Question: Mr Meshkov, EU High Representative for Foreign Affairs and Security Policy Federica Mogherini is expected to come to Russia soon. What would be the ideal outcome of this visit from Moscow’s perspective? What do we want it to produce?
Alexey Meshkov: We expect it to be an extension of contacts the Russian Foreign Minister and the EU High Representative had during various international events.
The Mogherini visit provides an opportunity for an in-depth discussion of, firstly, the entire range of Russia-EU relations and, secondly, international problems of interest for both parties. It should be noted that our positions – I mean those of Russia and the EU – on a number of major international problems, primarily a Middle East settlement and the Libya crisis, are quite close.
We will have a chance to better understand each other’s positions on other issues, specifically the Syrian problem and so we expect a constructive and business-like dialogue. For our part, we are prepared for this.
Question: Is it likely that the upcoming talks will result in a roadmap for step-by-step normalisation of Russia-EU relations?
Alexey Meshkov: At this moment in time, it is not on the agenda. However, it will be recalled that Russia has submitted to Brussels relevant proposals in areas, where, as we see it, we could make some headway. We hope to hear the EU’s substantive reply to this during the upcoming Mogherini visit.
Question: It was announced today that President Recep Tayyip Erdogan of Turkey would pay a visit to Russia on May 3. Why does he visit Russia so often?
Alexey Meshkov: Russia and Turkey are gradually normalising the entire gamut of their relations. A very constructive bilateral meeting at the level of Deputy Prime Ministers was held just a few days ago. The parties discussed economic matters, including measures in the agricultural area, which had been unexpectedly introduced by Turkey.
The parties reached an agreement that relevant consultations at deputy ministerial level will be held as soon as possible. Russia will be represented by a deputy minister of economic development.
As far as the Foreign Ministry is concerned, the visa issue was discussed. We reiterated that Russia was prepared to move towards easing visa formalities for holders of service passports and for big businesses, primarily those working with Russia.
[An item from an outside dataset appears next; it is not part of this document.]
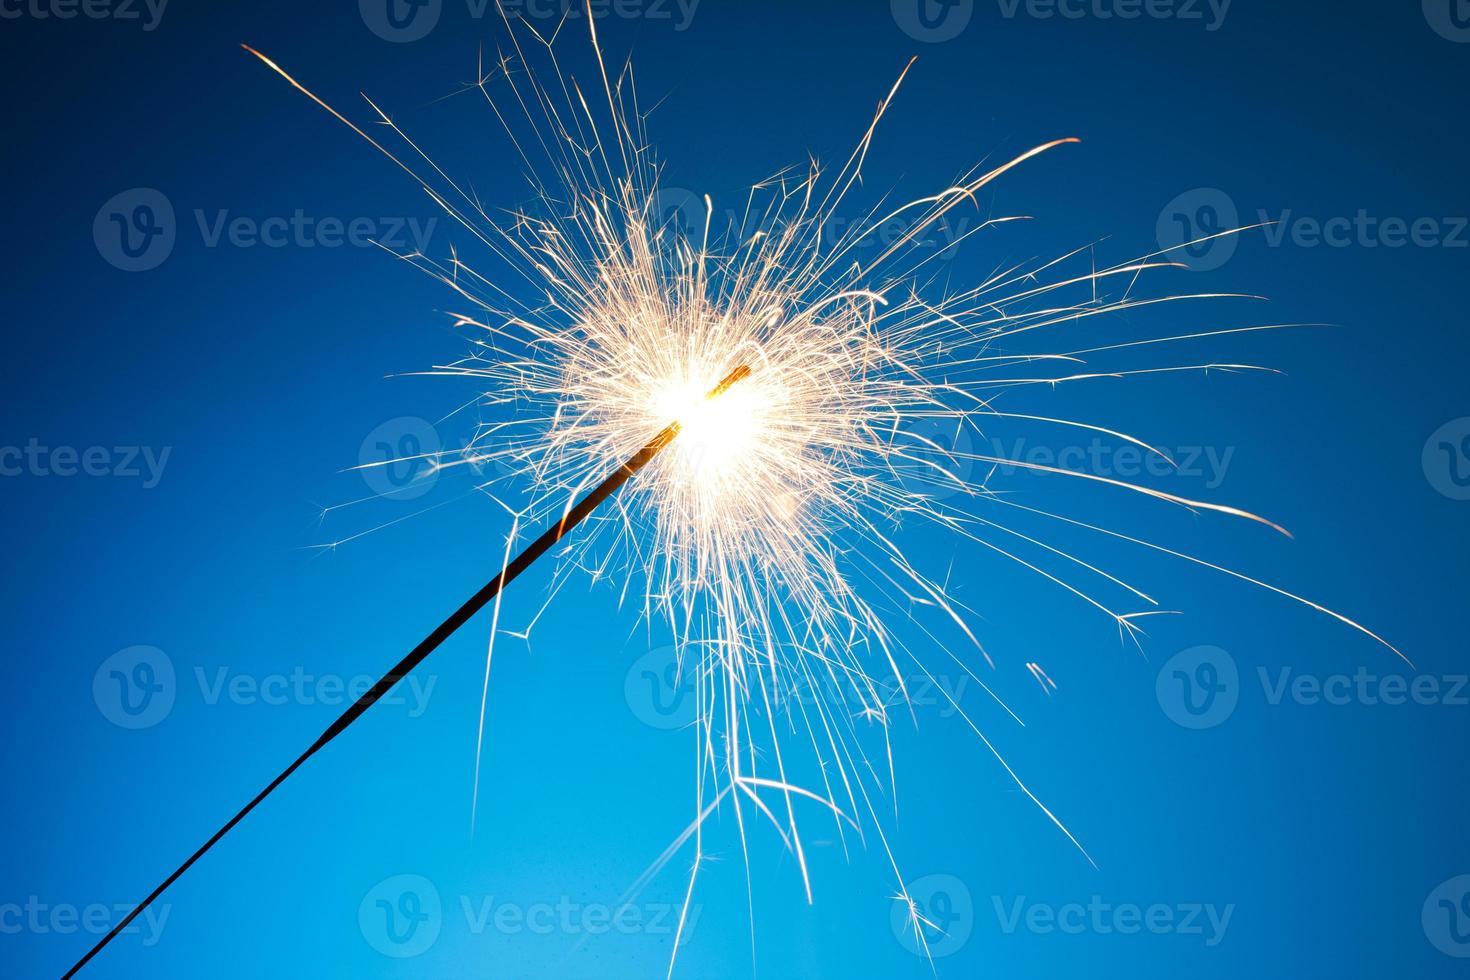 frisch beleuchtete Wunderkerze auf blauem Hintergrund foto

It’s important that the visa formalities for lorry drivers be eased; our consultations on easing visa formalities for civil aviation crews are actually at the final stage. Thus, the Russian consular service is ready to work with our Turkish partners.
As is only natural, much will depend on whether Turkey is ready to make progress on the entire range of relations.
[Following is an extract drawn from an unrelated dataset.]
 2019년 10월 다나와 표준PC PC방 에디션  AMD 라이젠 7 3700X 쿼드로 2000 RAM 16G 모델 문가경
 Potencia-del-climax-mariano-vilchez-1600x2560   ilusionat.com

Question: Mr Meshkov, what about the Turkish referendum? What do we think about the results? Will President Erdogan’s victory help improve relations between Russia and Turkey??
Alexey Meshkov: We think that the Turkish people have the right to decide what kind of legislation is preferable for them. The Turkish people have voted in the referendum and the referendum results must be respected.
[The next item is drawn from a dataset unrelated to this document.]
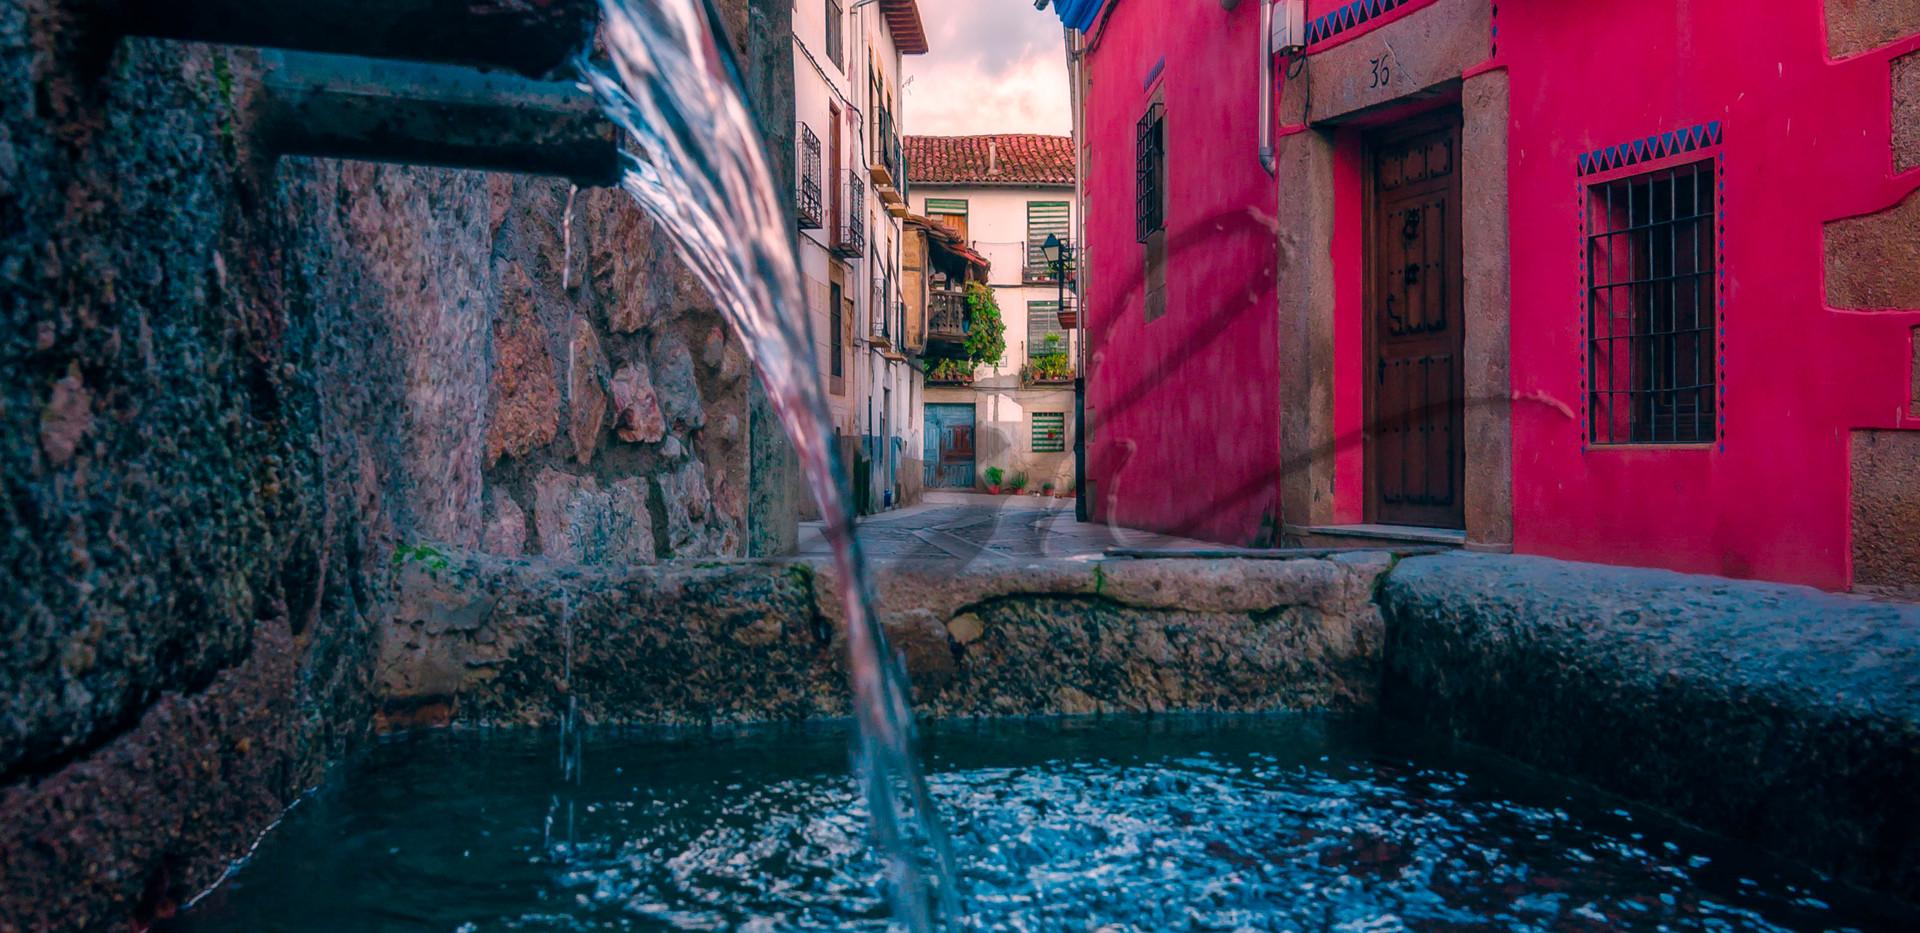 Calle-Teodoro-Perianes.jpg

Question: Will its outcome affect our bilateral relations?
Alexey Meshkov: I don’t see any direct connection.
Question: Given that Donald Trump approved Montenegro’s membership into NATO and that the Montenegrin parliament will hold a vote, on April 28, on the country’s accession to the alliance, do we think that this is a threat to Russian security? How does Moscow assess this and what measures are being prepared?
Alexey Meshkov: It is no secret and it was repeatedly stated that the most important issues in the life of this or that country should be decided by their peoples. This is what the democratic process is all about. In this case, it is the Montenegrin people’s right to decide in a referendum whether they want their country to join NATO or not.
As far as our relations are concerned, not only their accession to NATO as such but also a number of steps taken by the Montenegrin leaders – that they joined the anti-Russian sanctions and the anti-Russian smear campaigns in the local media – are certainly having and will inevitably have a negative effect on the entire range of Russia-Montenegro ties.
Question: Ahead of the next NATO summit in May, what remarks would you make concerning NATO’s advance towards Russian borders and the stationing of the NATO military, specifically a contingent from Germany, within 100 kilometers of the Russian border for the first time since the end of World War II? How far is Russia ready to go in its response to these steps?
Alexey Meshkov: As we look at NATO’s multinational military preparations close to our borders, we involuntarily recall the events that happened 100 years ago, when preparations were being made for a foreign military intervention during the Civil War in Russia. Of course, we live in a different world today, but our Western colleagues should remember that the main threat to international security comes from our common enemy, international terrorism.